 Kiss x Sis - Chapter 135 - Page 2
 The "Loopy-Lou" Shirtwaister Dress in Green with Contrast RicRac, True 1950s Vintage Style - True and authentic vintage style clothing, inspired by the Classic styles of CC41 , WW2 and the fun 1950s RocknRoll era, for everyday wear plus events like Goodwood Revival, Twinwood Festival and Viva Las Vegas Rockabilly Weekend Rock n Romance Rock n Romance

* * *

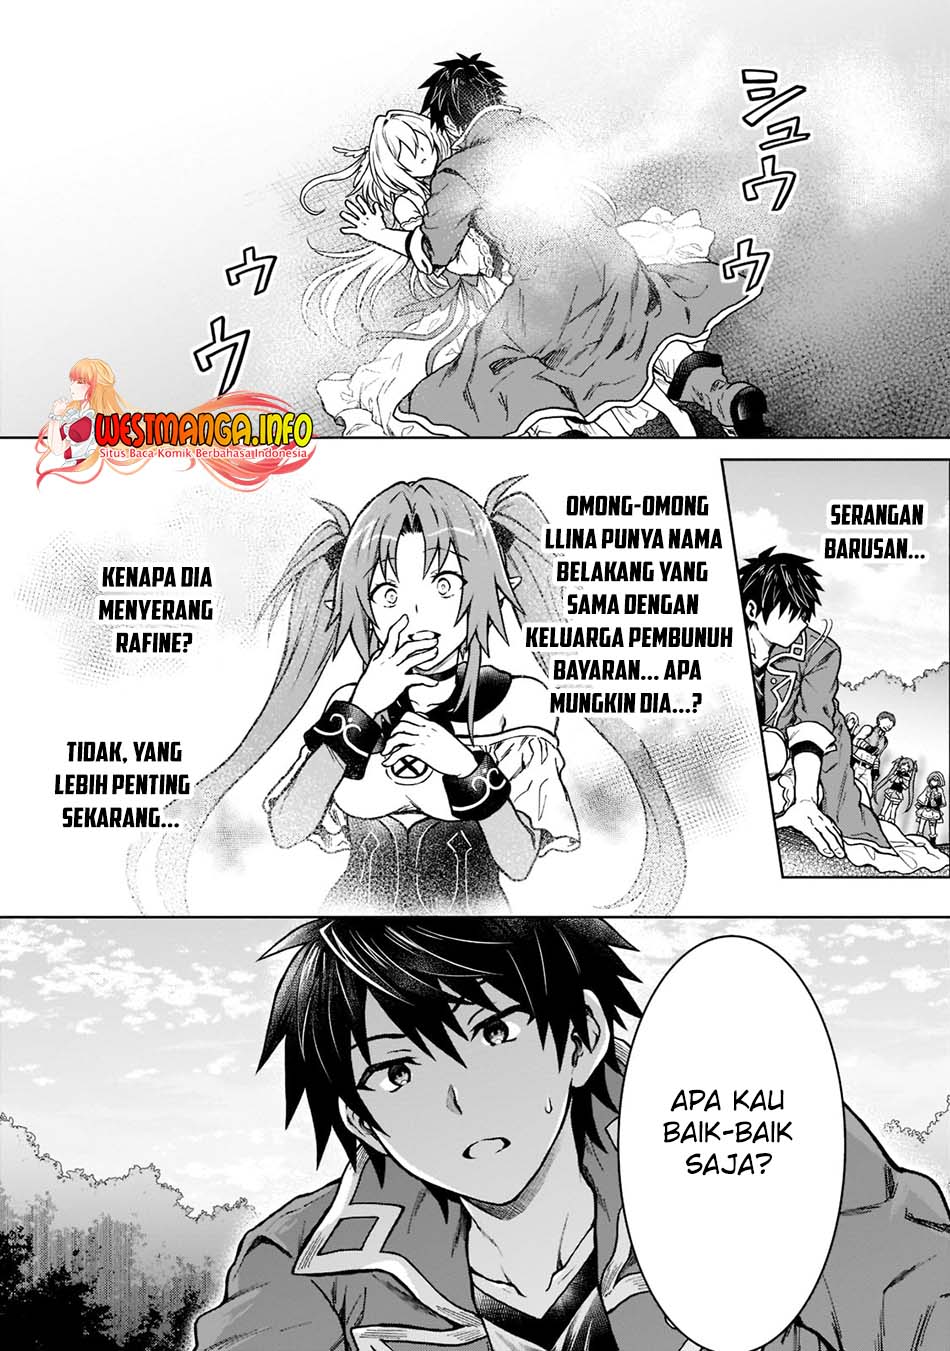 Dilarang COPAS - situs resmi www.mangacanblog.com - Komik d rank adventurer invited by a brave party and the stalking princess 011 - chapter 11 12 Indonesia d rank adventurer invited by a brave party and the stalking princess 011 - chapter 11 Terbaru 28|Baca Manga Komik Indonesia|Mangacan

...

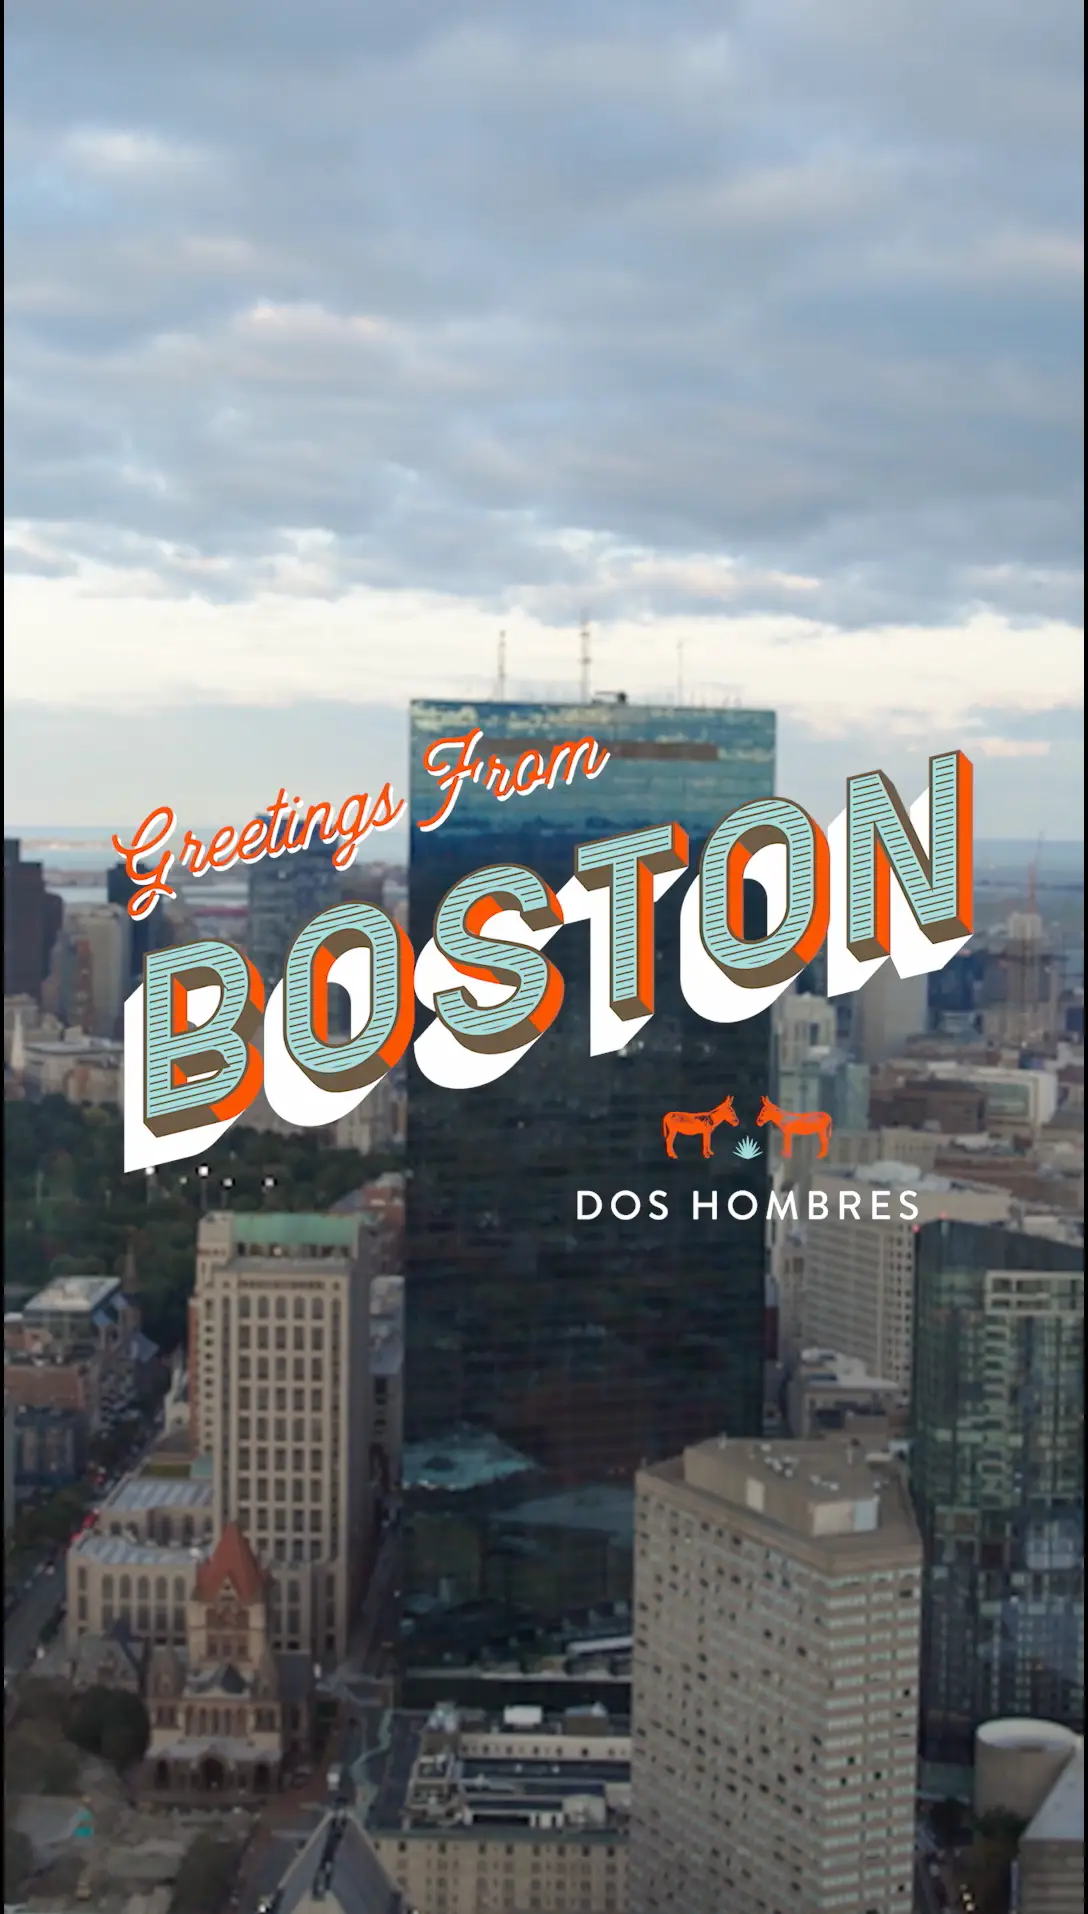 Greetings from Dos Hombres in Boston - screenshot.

## ASSIGNMENT
Referring to the material above, set down exactly the lines between the line with "Kiss x Sis - Chapter 135 - Page 2" and the line with "Romance Rock n Romance", inclusive, and no other lines.

## SOLUTION TO THIS EXERCISE
 Kiss x Sis - Chapter 135 - Page 2
 The "Loopy-Lou" Shirtwaister Dress in Green with Contrast RicRac, True 1950s Vintage Style - True and authentic vintage style clothing, inspired by the Classic styles of CC41 , WW2 and the fun 1950s RocknRoll era, for everyday wear plus events like Goodwood Revival, Twinwood Festival and Viva Las Vegas Rockabilly Weekend Rock n Romance Rock n Romance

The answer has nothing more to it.